В мае 1937 года вдруг собирает Сергей Трефилов нас четверых вечерком: Андрея Ястребова, Леву Шехтера, Костю Синельщикова и меня. Посмотрел он на нас торжественно и говорит:
— Ну, индейцы, едем во Францию.
— Да вы что? Серьезно? Быть этого не может! — загалдели мы наперебой.
— Все путем. АэС сейчас там. Дал телеграмму «Срочно приезжайте». С ГУАПом согласовано. С завтрашнего дня оформляйтесь.
Началась беготня. Завод, ГУАП, Старая площадь, банк и уж не знаю, где мы еще не побывали. В результате у меня в кармане оказались наши деньги, франки, железнодорожный билет и загранпаспорт.
В Варшаве поезд стоит по полчаса на двух вокзалах. Бойкие польские таксисты предлагают прокатиться по городу и доставить желающих на второй вокзал, к тому же самому поезду. Мы с Андреем рискнули и не пожалели.
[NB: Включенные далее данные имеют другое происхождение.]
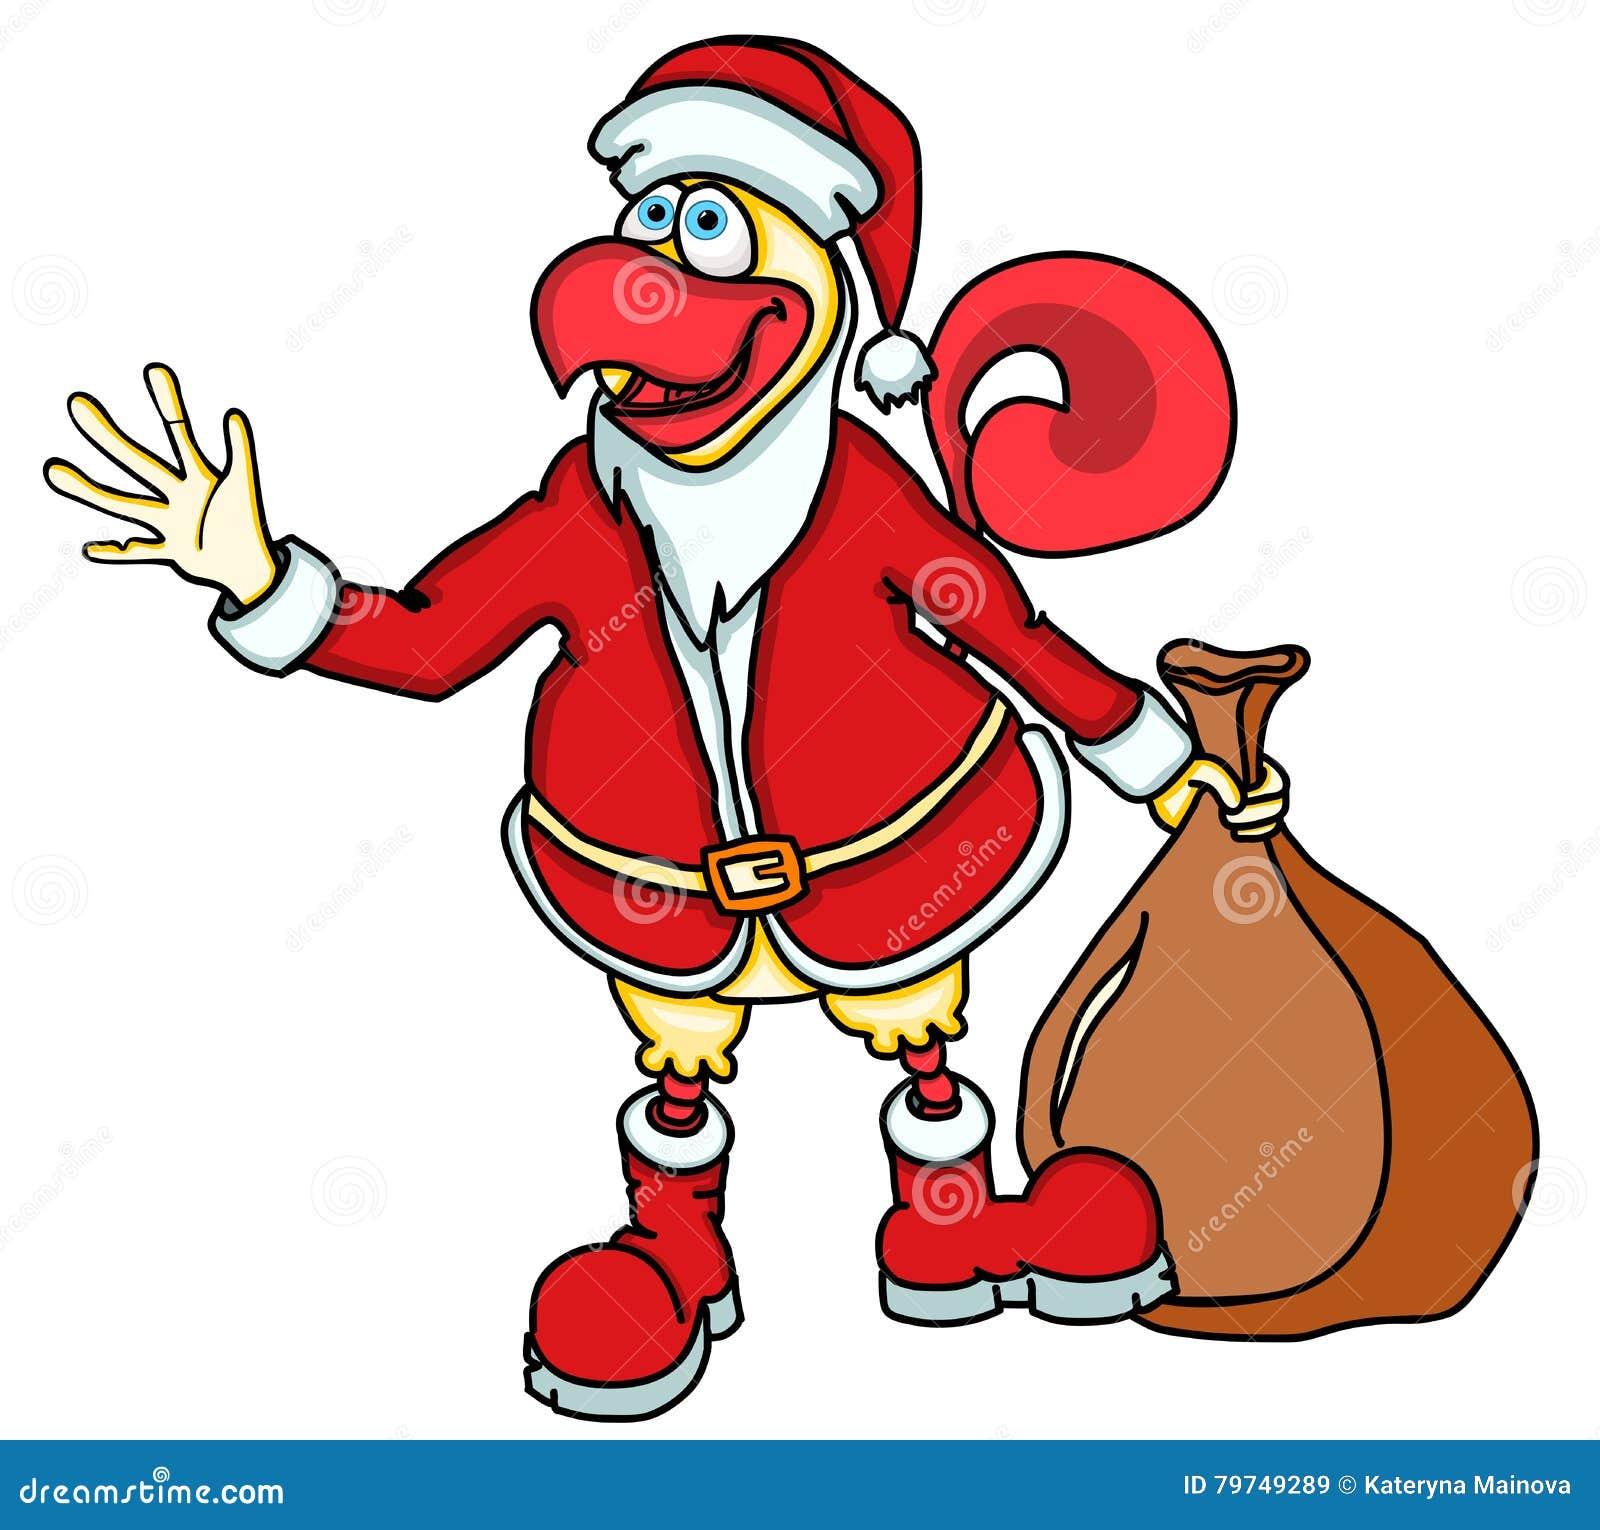 Gallo divertido de la historieta, el símbolo del Año Nuevo 2017 en el calendario chino bajo la forma de Santa Claus con un bolso

Город показался нам довольно провинциальным, но женщины… Такого количества красоток едва ли где еще можно увидеть, так что мы только успевали поворачивать головы.
Берлин произвел внушительное впечатление. Чистота, порядок, очень оживленное уличное движение бросались в глаза, но один эпизод подпортил все. Производившие досмотр немецкие таможенники, севшие в поезд на польской границе, добрались до нашего вагона как раз в Берлине. В вещах Леона Шехтера оказалась тетрадка, привлекшая внимание человека в штатском. В ней было много рисунков самолетов.
— Вы что, — спросил штатский по-немецки, — испанский летчик?
Лева, тоже по-немецки:
— Нет.
Но этого оказалось мало. Тетрадь вместе с Шехтером куда-то потащили из вагона. Верзилу Андрея, попытавшегося их задержать, так толкнули в грудь, что, охнув, он отлетел.
Правда, перед самым отходом поезда Шехтер со своей тетрадкой вернулся и рассказал, что ему устроили целый допрос, закончившийся сакраментальным вопросом — еврей ли он?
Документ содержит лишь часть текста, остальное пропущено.